- Born: 1943 (age 82–83) Yolha, Manchuria
- Writing career
- Language: Korean

Korean name
- Hangul: 이가림
- RR: I Garim
- MR: I Karim

= Lee Garim =

South Korean writer (born 1943)

Lee Garim (born 1943) is a South Korean writer.

==Life==
Lee Garim was born in Yolha, Manchuria. He graduated from Song Kyun Kwan University and Graduate School with a degree in French Literature. He received his Ph.D. in French Literature from Rouen University in France. He has lectured at Sungjon University, Songshin's Women's University, Rouen University, Inha University, and worked as a producer at MBC in Daejeon, Korea. Lee has also served as the Vice-President of the French Language and Literature Association of Korea.

==Work==
LTI Korea summarizes Lee's work:

Lee Garim’s poetry is characterized by exquisite use of language and careful attention to the creation of poetic imageries.
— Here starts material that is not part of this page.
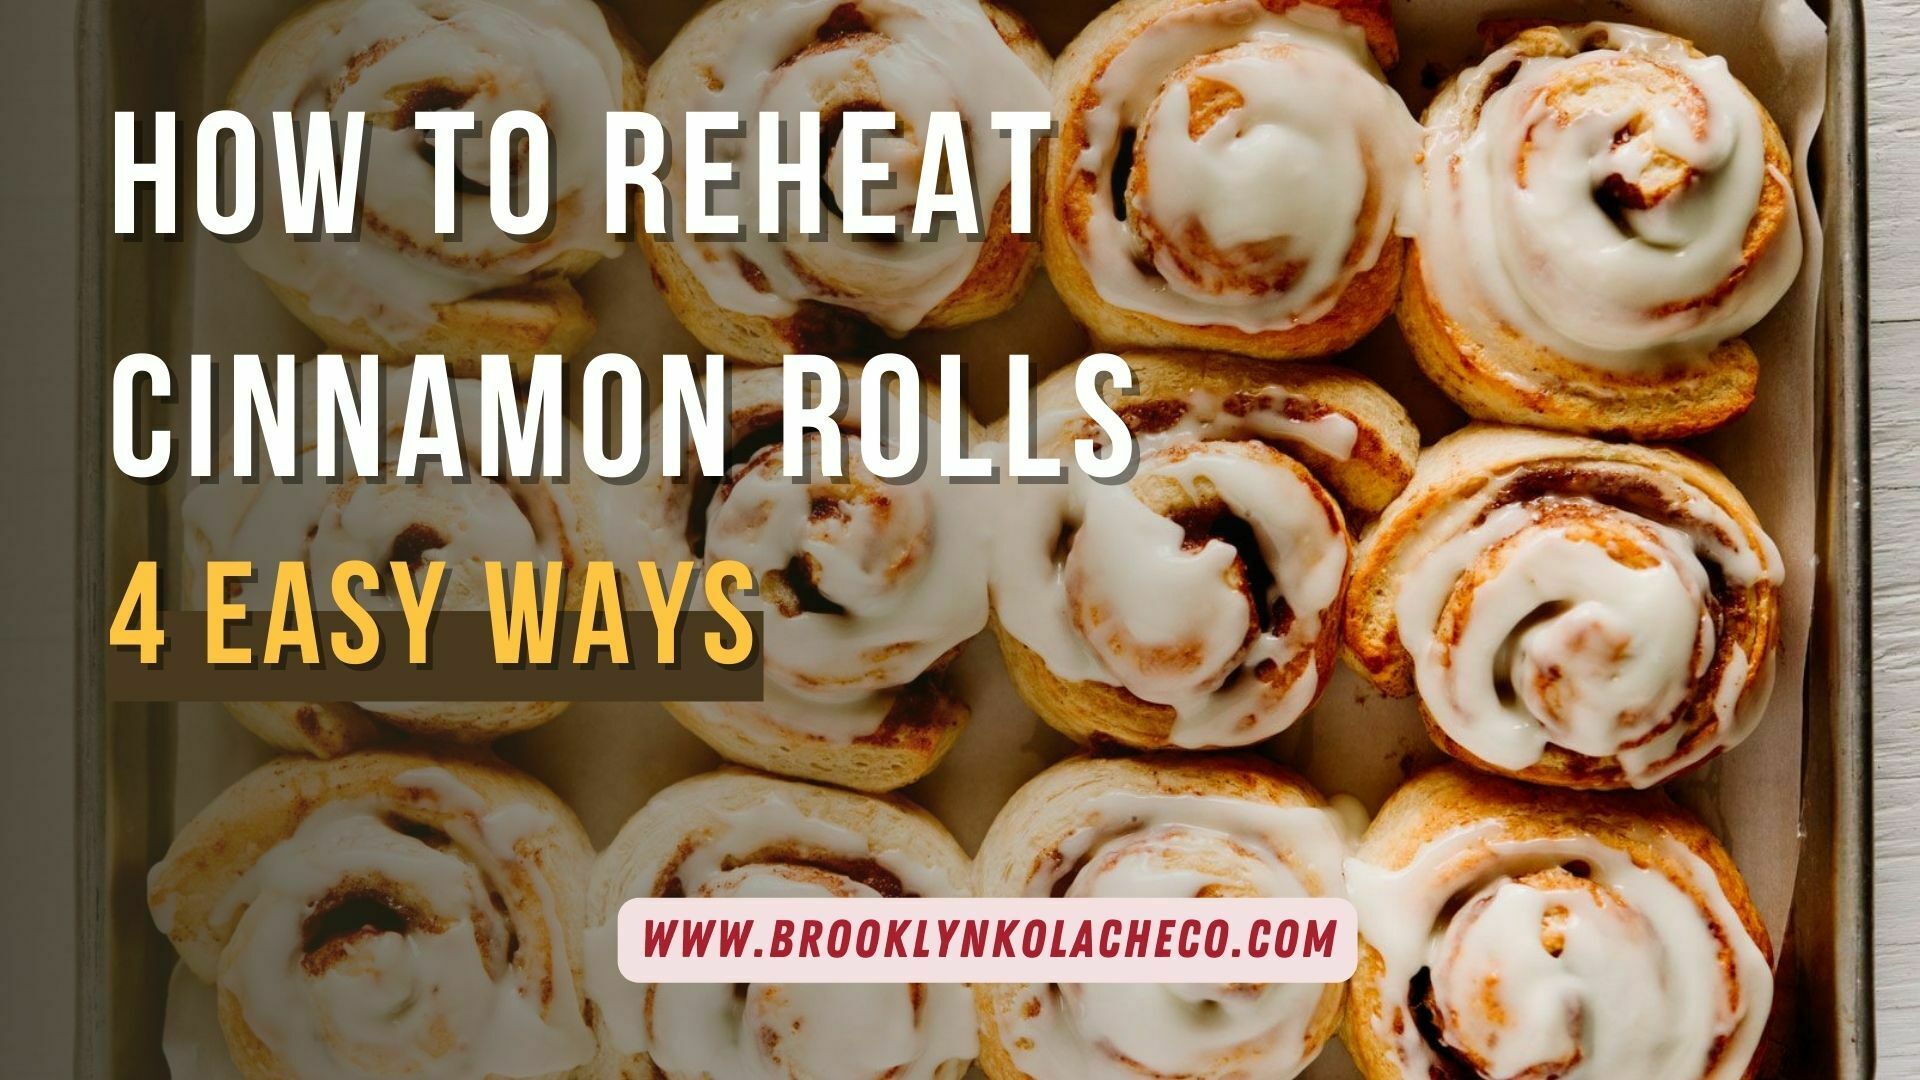 How To Reheat Cinnamon Rolls – The 4 Easy Ways

His interest in French philosopher Gaston Bachelard stems from his search for the materiality of imagination. While he maintains a nostalgic attitude towards harmonious life in his poetry, he also maximizes linguistic creativity through the use of powerfully contrasting images.

Lee Garim's collections include Ice Age (Binghagi, 1973), With the Forehead Against the Window (Yurichangae imareul daego, 1981), and Sad Peninsula (Seulpeun bando, 1989). Lee Garim has also translated works by Gaston Bachelard including The Flame of a Candle (Chotbul-ui mihak) and Water and Dreams (Mulgwa kkum). He has been awarded Jung Jiyong Literature Prize.

Major poems include “A Book of Winter Lithographs” (Gyeoul panhwajip, 1966), “Proust’s Letters” (Peuruseuteu-ui pyeonji, 1966), “Iris of Many Colors” (Dasaek-ui nundongja, 1969), “Between Five and Seven O’Clock” (Daseotsiwa ilgopsi sai, 1970), “Night Watchers” (Yagyeongkkun, 1970), “A Violet” (Orangkaekkot, 1973), “Weed” (Ppul, 1979), and “A Top” (Paengi, 1985).

==Works in translation==
French
- Le Front Contre la Fenêtre (유리창에 이마를 대고)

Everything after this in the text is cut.